SIRPa (proteina regolatoria del segnale alfa) è una proteina transmembrana espressa sulle cellule dendritiche CD1a+ ed è stata proposta come nuovo bersaglio terapeutico per l’LCH 2). Inoltre, mutazioni germinali del gene SMAD6 potrebbero aumentare la suscettibilità all’LCH e la chiarificazione della predisposizione genetica è in corso 2). La medicina personalizzata attraverso l’integrazione di terapia mirata e immunoterapia è attesa come prospettiva futura.


  1. Li MS, Wu XL, Huang A, Wang H. Langerhans cell histiocytosis in sphenoid sinus with vision impairment: Case report and literature review. Science Progress. 2024;107(3):1-10.
  2. Hanifa H, Alshwayyat S, Maksoud C, et al. Multisystem Langerhans cell histiocytosis in a pediatric patient: a rare case report with literature review and future directions. Ann Hematol. 2025;104:3067-3072.

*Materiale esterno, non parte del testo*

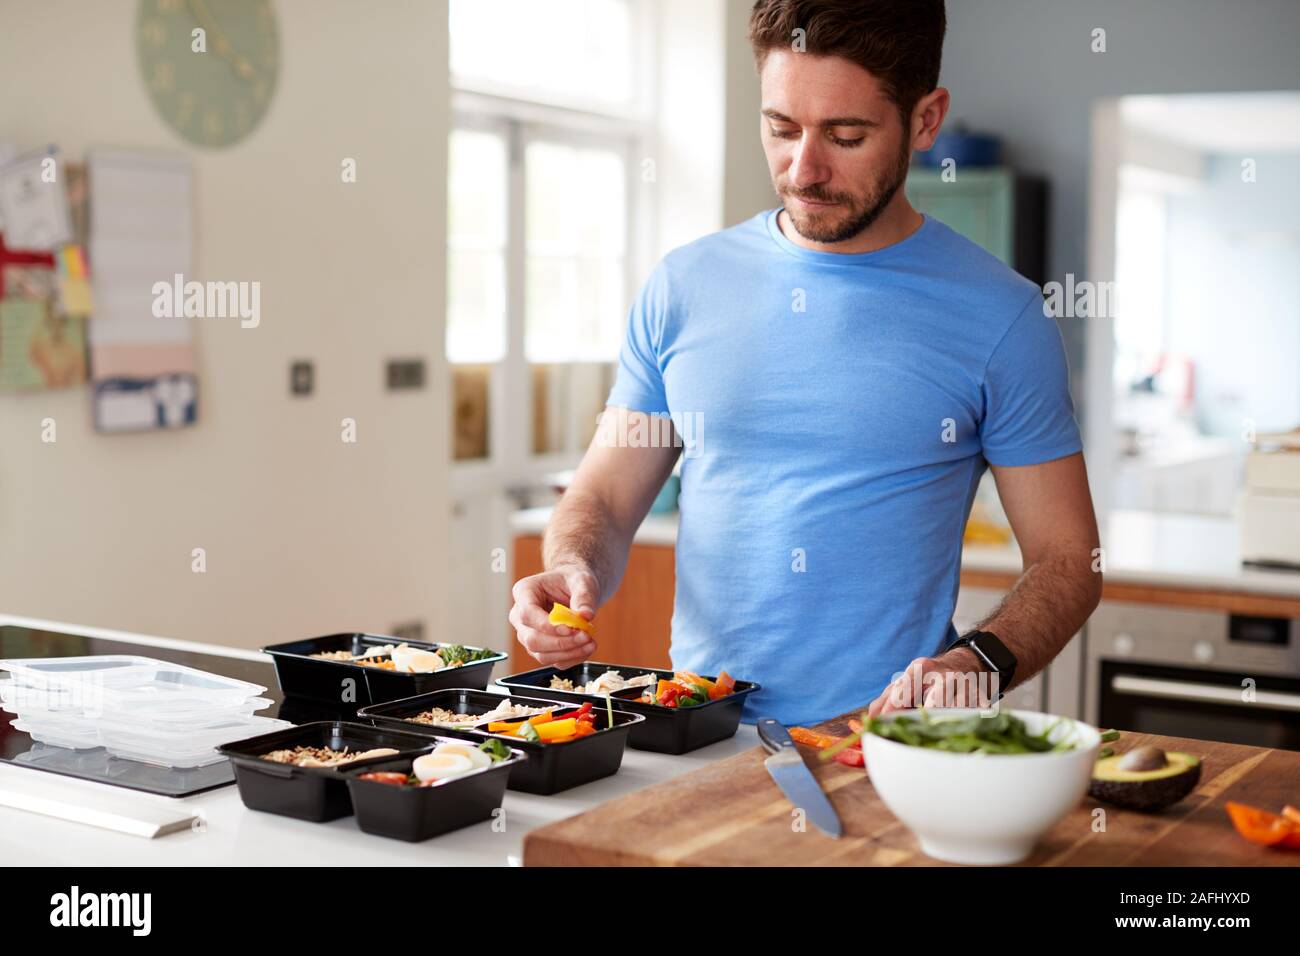 Man Preparing Batch Of Healthy Meals At Home In Kitchen Stock Photo

  3. Cheng YF, Wang CC, Tsai PS, Lin DC, Huang WH. Langerhans cell histiocytosis of the thyroid mimicking thyroiditis in a boy: a case report and literature review. BMC Pediatrics. 2024;24:66.
  4. Medina MA, Meyer W, Echeverri C, Builes LN. Histiocitosis de celulas de Langerhans: reporte de caso y revision de la literatura. Biomedica. 2021;41:396-402.
  5. Cao Y, Wu QQ, Yan WH, et al. Langerhans cell histiocytosis in children with refractory diarrhoea and hypoalbuminaemia as the initial presentation: two case reports and a literature review. BMC Pediatrics. 2024;24:203.
  6. Hou Y, Yang Y, Liao X, et al. Delayed diagnosis of pituitary LCH with BRAFV600E mutation: A case report and literature review. Medicine. 2025;104:42(e45274).